Various cantons have additional guidelines in the form of minimum or maximum tax rates (AR, AI, BL, GR, LU, NE, NW, SZ, TI, VS, ZG, and ZH). Partly tax-free amounts are also granted (AG, BE, BS, FR, GR, VS).

The tax calculated with the tax rate is also called simple tax. It must be multiplied by the municipal and cantonal tax rate to obtain the effective tax amount.

Calculation example: Proportional to the tax tariff for income (2022)

To illustrate, an example with Ms Muster, single, non-denominational and resident in the municipality of Lucerne LU: He would like to withdraw his vested benefits capital of CHF 250’000. The canton of Lucerne taxes lump-sum benefits from pension schemes in proportion to the tax rate for income (1/3). The tax rate for an income of CHF 250’000 is 4.39%. One-third of this is 1.46%, multiplied by CHF 250’000 this results in a simple tax of CHF 3’658.53. The tax base of the municipality of Emmen LU is 3.82, which results in CHF 13’975.58. Added to this is the federal tax of CHF 4’032.30, which is calculated according to the same model (1/5). The capital withdrawal tax for Mr Muster amounts to CHF 18’007.90 what it 7.20 percent of the capical withdrawal.

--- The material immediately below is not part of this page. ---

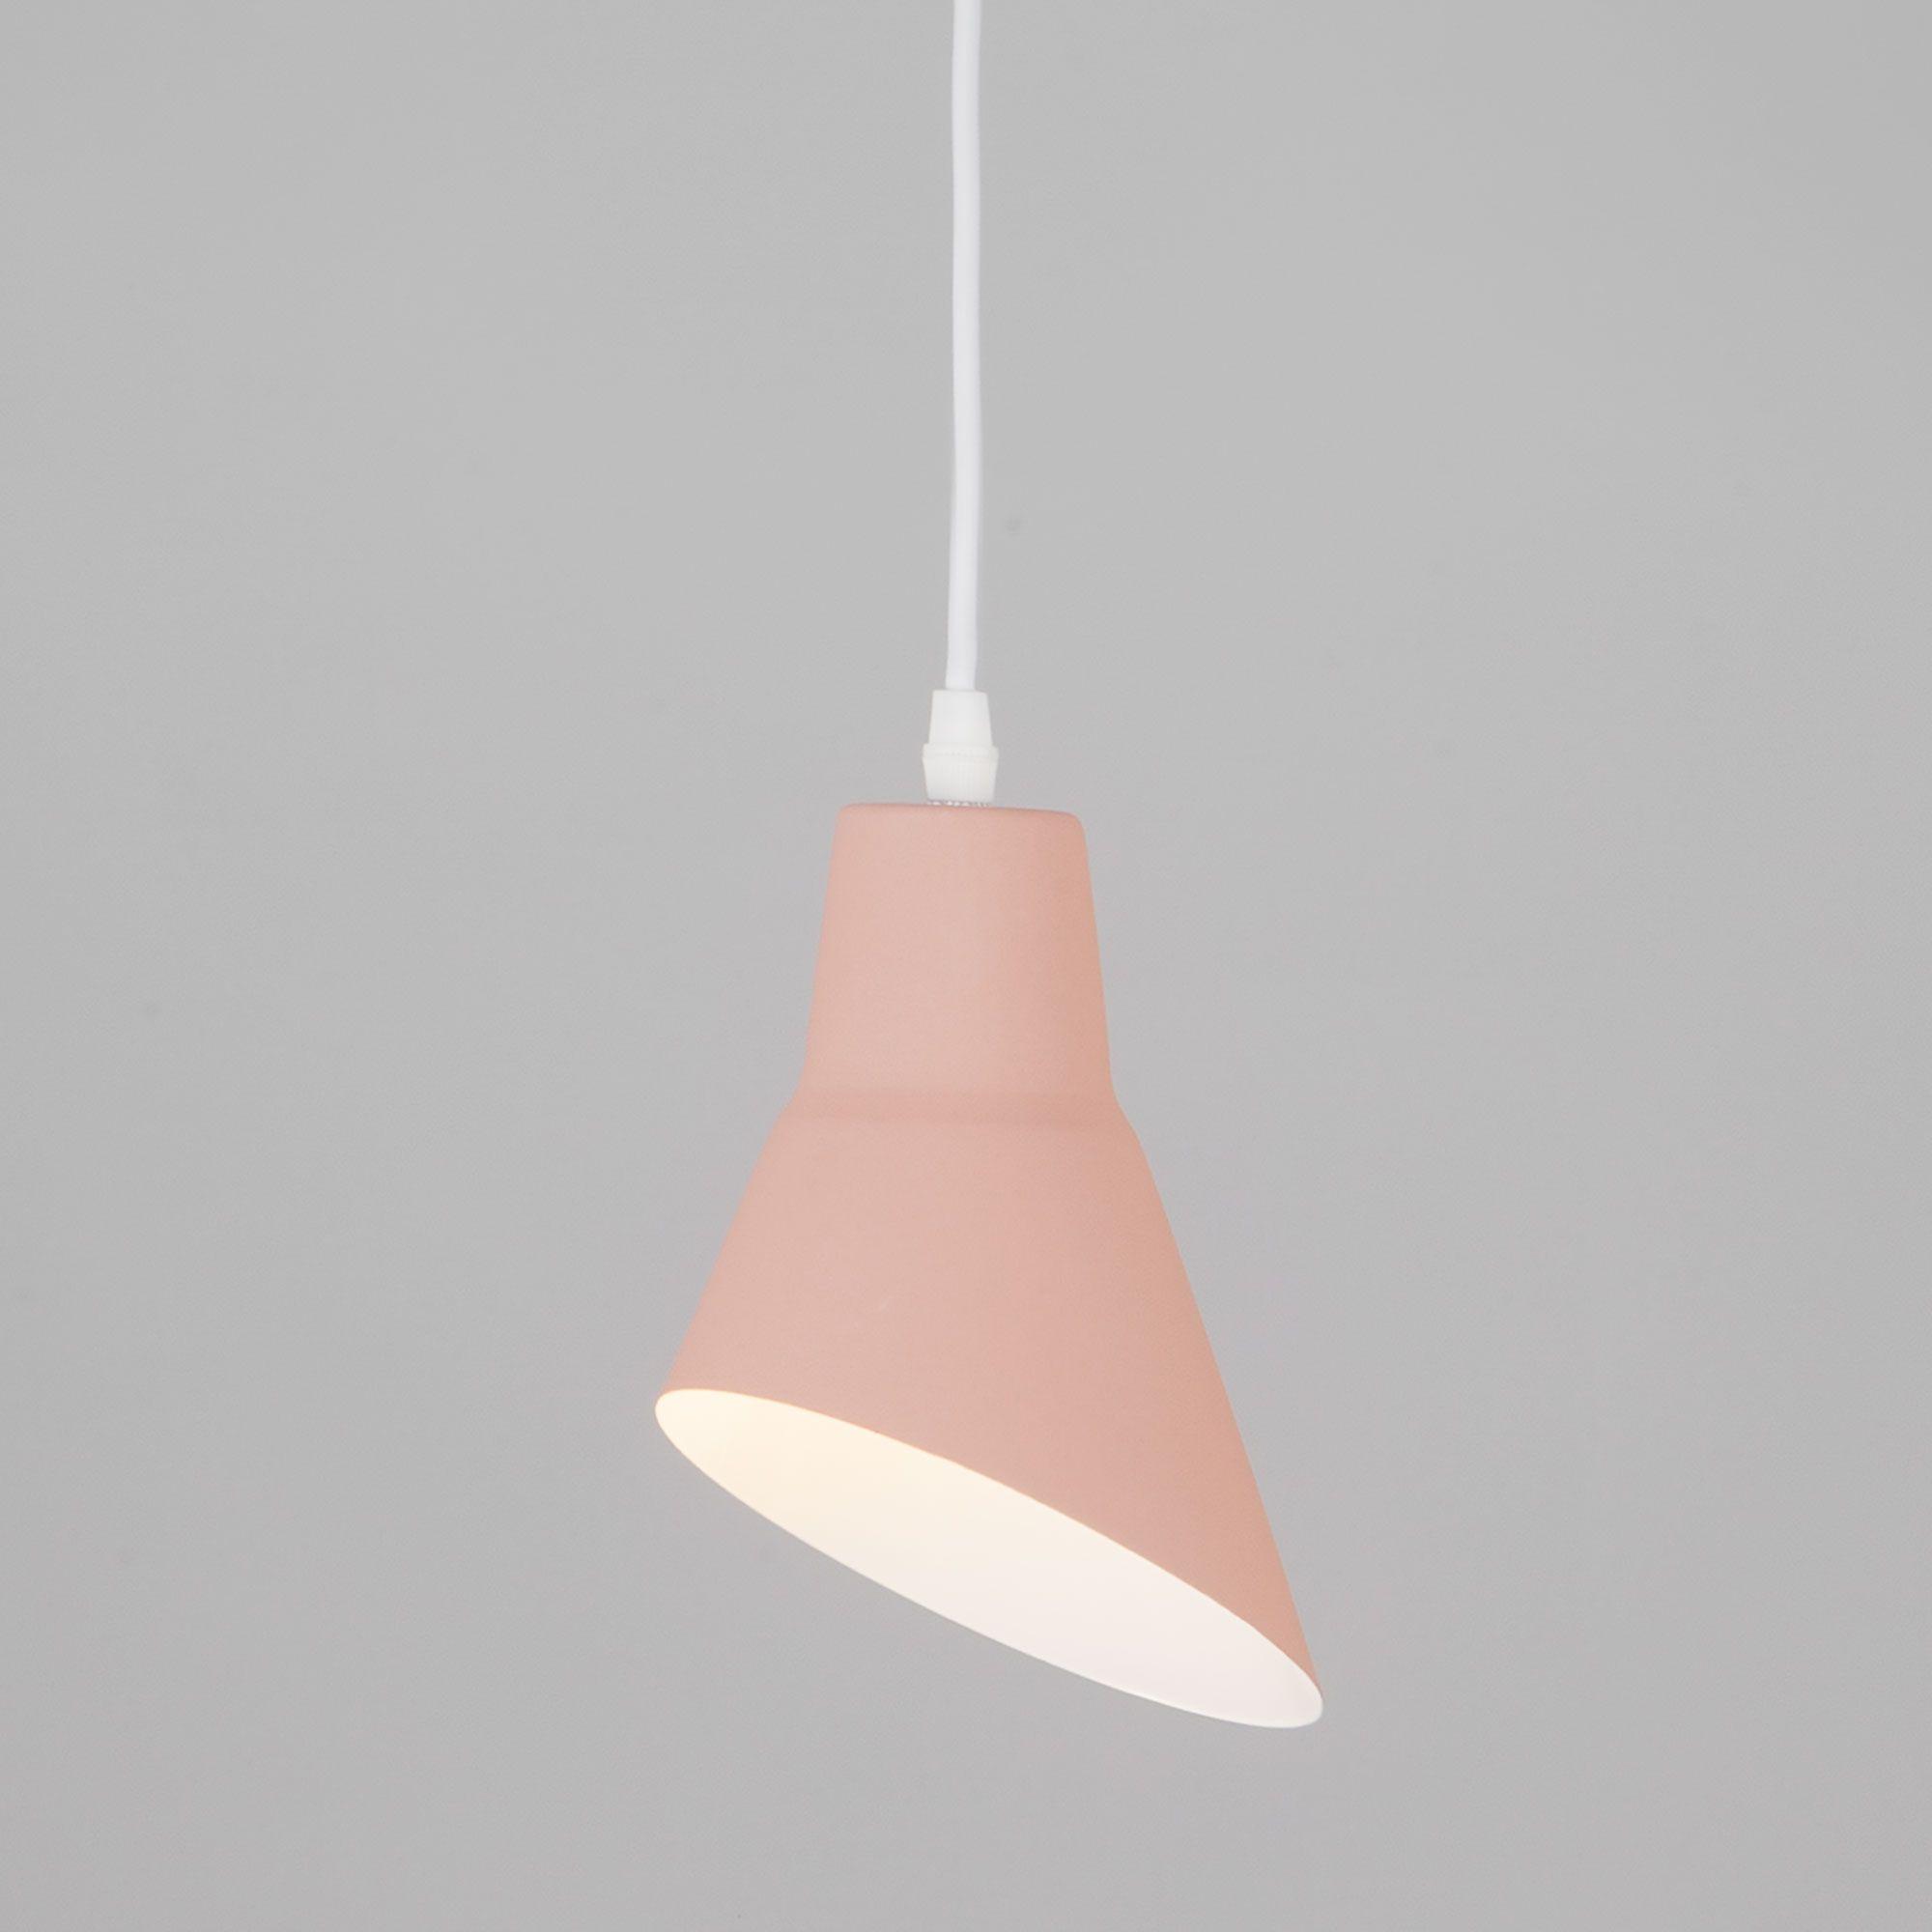 Подвесной светильник с металлическим плафоном 50069/1 розовый
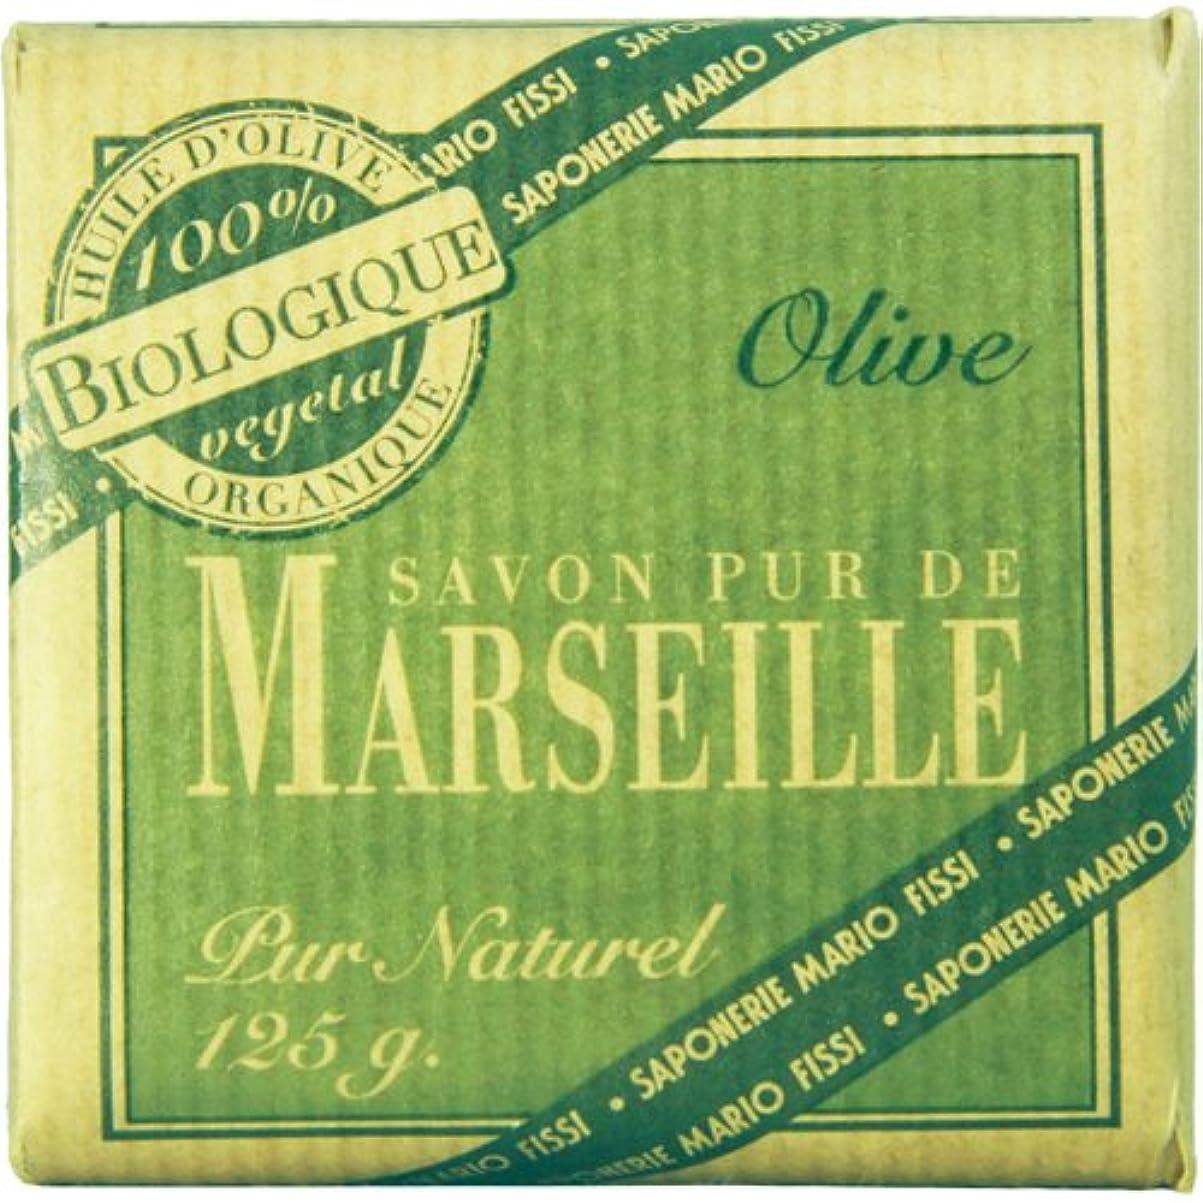 行政少し対応するSaponerire Fissi マルセイユシリーズ マルセイユソープ 125g Olive オリーブ

Sample calculation: Taxation according to the “Rentensatz” (2022)

Mr Meier, single, non-denominational, lives in the community of Schwyz SZ. Her capital withdrawal of CHF 250’000 is taxed according to the «Rentensatz». The tax law of the Canton of Schwyz states: “Lump-sum benefits are calculated at the tax rate that would result if an annual benefit of 1/25 of the lump-sum benefit were paid instead of the lump-sum benefit.” 1/25 of CHF 250’000 is CHF 10’000. The income tax rate for CHF 10’000 income is 1.275%. This rate is now multiplied by the total capital benefit. This results in a simple tax of CHF 3’187.50. The simple tax must, in turn, be multiplied by the tax rate. The tax rate is 335% of the simple tax. The cantonal tax thus amounts to CHF 10’678.13. Together with the federal tax, this results in a tax of CHF 14’710.53 or 5.9 percent.

Reimbursements WEF advance withdrawal: Paid capital withdrawal tax can be reclaimed

Capital that was once withdrawn from the occupational pension plan as part of the Home Ownership Promotion Program (WEF) can be repaid. The normal capital withdrawal tax applies to WEF withdrawals. This tax can be reclaimed when the capital is repaid. It is important to know that you must apply for a refund within three years, otherwise, the right to a refund expires. An automatic refund is not planned. You must, therefore, take action yourself.